Assim, quando o álcool deixa a circulação, há um efeito rebote, com pouca sinalização GABAérgica inibitória e excesso de atividade glutamatérgica excitatória, que deixa o cérebro em um estado hiperestimulado. Esse estado de “hiperexcitação” neuroquímica se manifesta de forma similar a uma leve síndrome de abstinência, ativando o sistema de alerta do corpo e levando a sintomas como tremores, sudorese, aumento da frequência cardíaca e ansiedade. Em outras palavras, após o efeito depressor inicial do álcool, o SNC “dispara”, gerando sensações de ansiedade no dia seguinte em resposta ao desequilíbrio entre neurotransmissores inibitórios e excitatórios.
Outro fator-chave envolve o eixo hipotálamo-hipófise-adrenal (HHA), responsável pela resposta ao estresse. O consumo elevado de álcool pode ativar o eixo HHA e elevar os níveis de cortisol, hormônio do estresse. Normalmente, o cortisol segue um ritmo diário (mais alto pela manhã e caindo à noite), mas o álcool desregula esse ritmo e esse desajuste pode contribuir para a sensação de ansiedade.

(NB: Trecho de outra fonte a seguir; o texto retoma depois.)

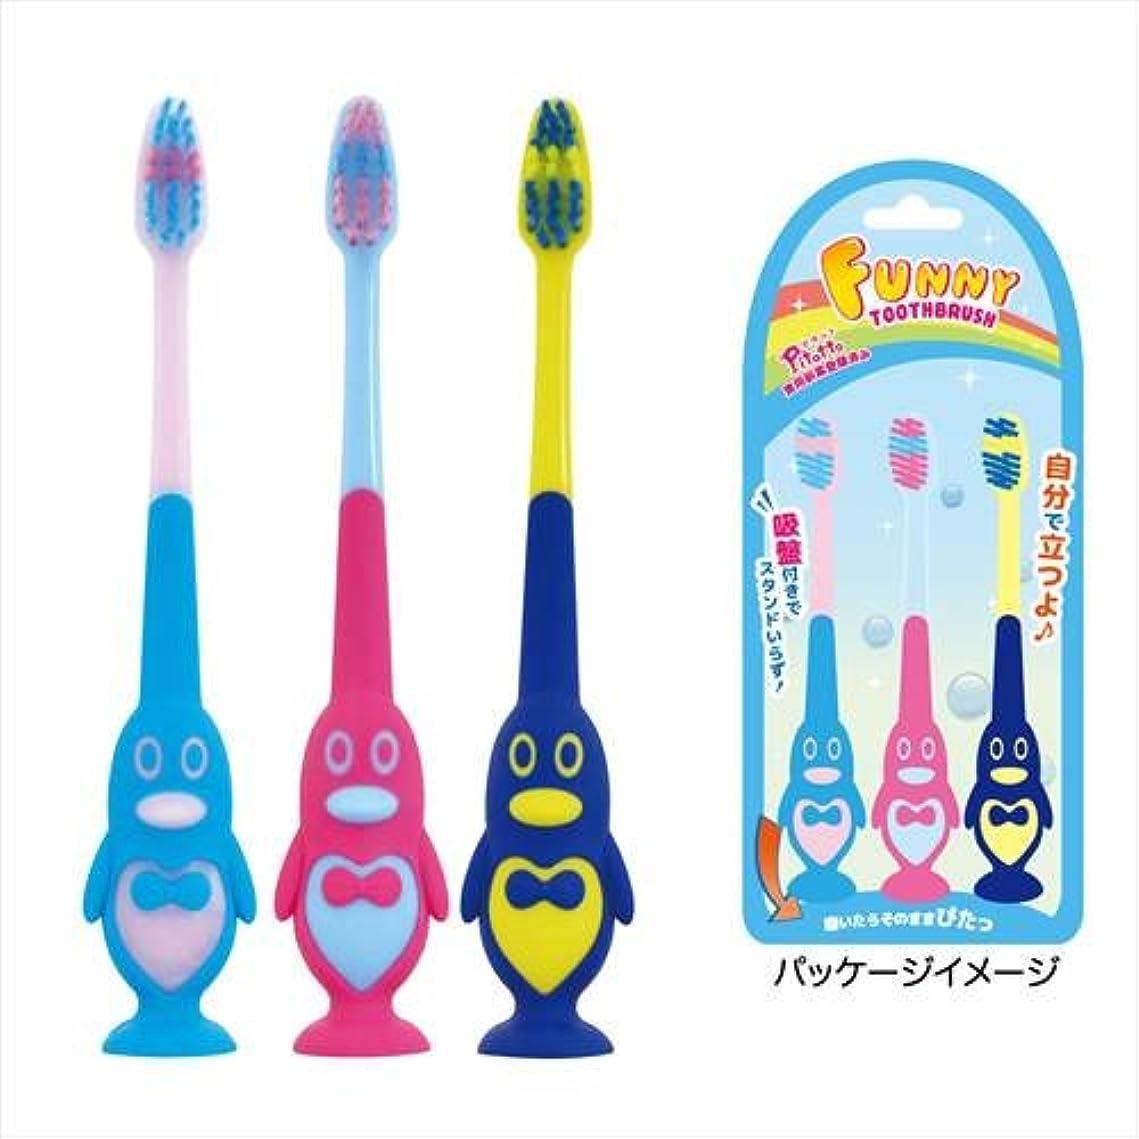 拘束崖感じる[歯ブラシ] 吸盤付き歯ブラシ 3本セット/ペンギン ユーカンパニー かわいい 洗面用具 グッズ 通販
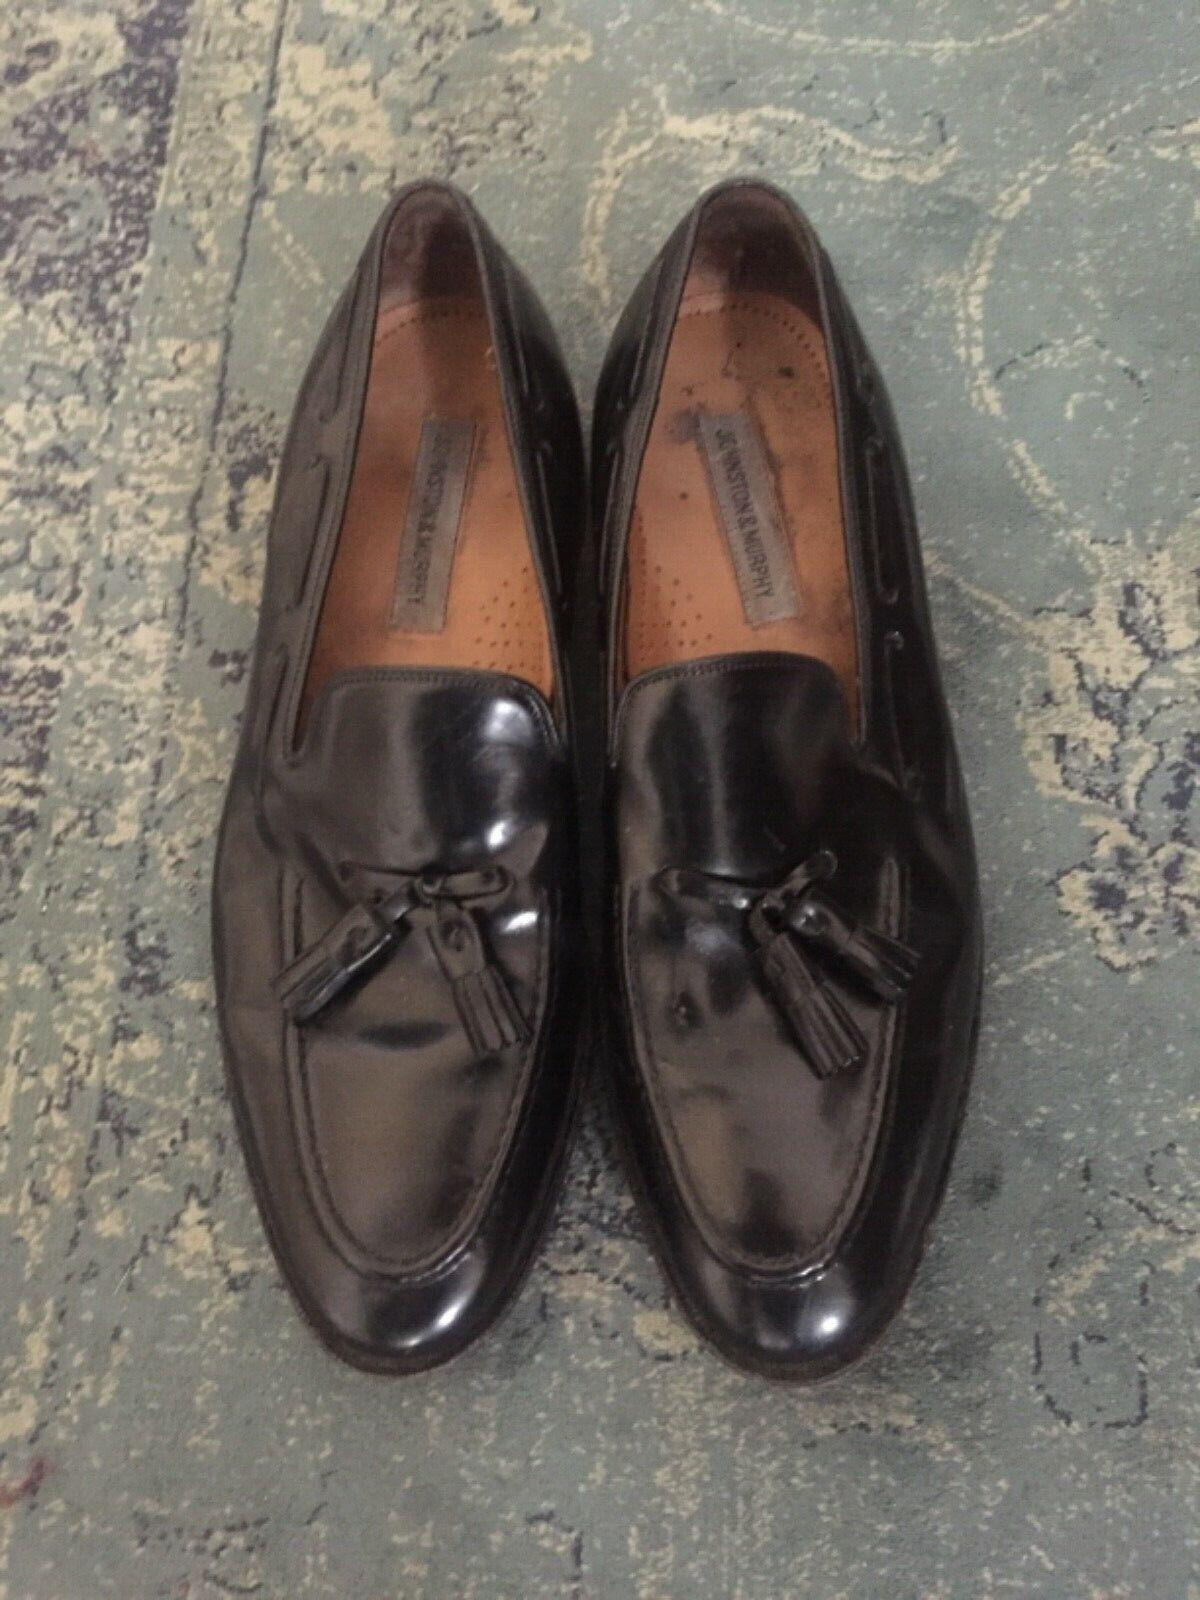 JOHNSTON & MURPHY MENS BLACK TASSEL DRESS SLIP-ON LOAFER SIZE 12D

Recentemente, a ciência tem destacado o papel do sistema do fator liberador de corticotropina (CRF), um neuropeptídeo central na resposta ao estresse – na modulação dos efeitos do álcool sobre o humor. Em especial, dois receptores de CRF (conhecidos como CRF1 e CRF2) apresentam funções opostas no contexto do consumo de álcool. De acordo com um estudo em modelo animal de binge drinking, logo após um episódio intenso de bebida os animais apresentaram reações ansiolíticas (redução da ansiedade) e até antidepressivas, mediados pela ativação de receptores CRF2. Entretanto, após 24 horas, os mesmos animais exibiram claros sinais de ansiedade e depressão, desta vez relacionados à ativação de receptores CRF1.3
Felizmente, é possível adotar estratégias para reduzir a chance de sentir ansiedade depois de beber ou ao menos atenuar sua intensidade. Aqui estão algumas dicas práticas:
Sentir-se ansioso no dia seguinte ao consumo de álcool é uma experiência relativamente comum, especialmente após episódios de ingestão exagerada. Embora durante a intoxicação, ocorra um aparente efeito calmante (ansiolítico), este é transitório – e até enganoso – porque será sucedido pelo mal-estar da ressaca quando o álcool se for. A moderação ou a abstinência no consumo de álcool e cuidados simples de saúde (hidratação, descanso) podem fazer toda a diferença na qualidade do dia seguinte e no bem-estar mental de longo prazo.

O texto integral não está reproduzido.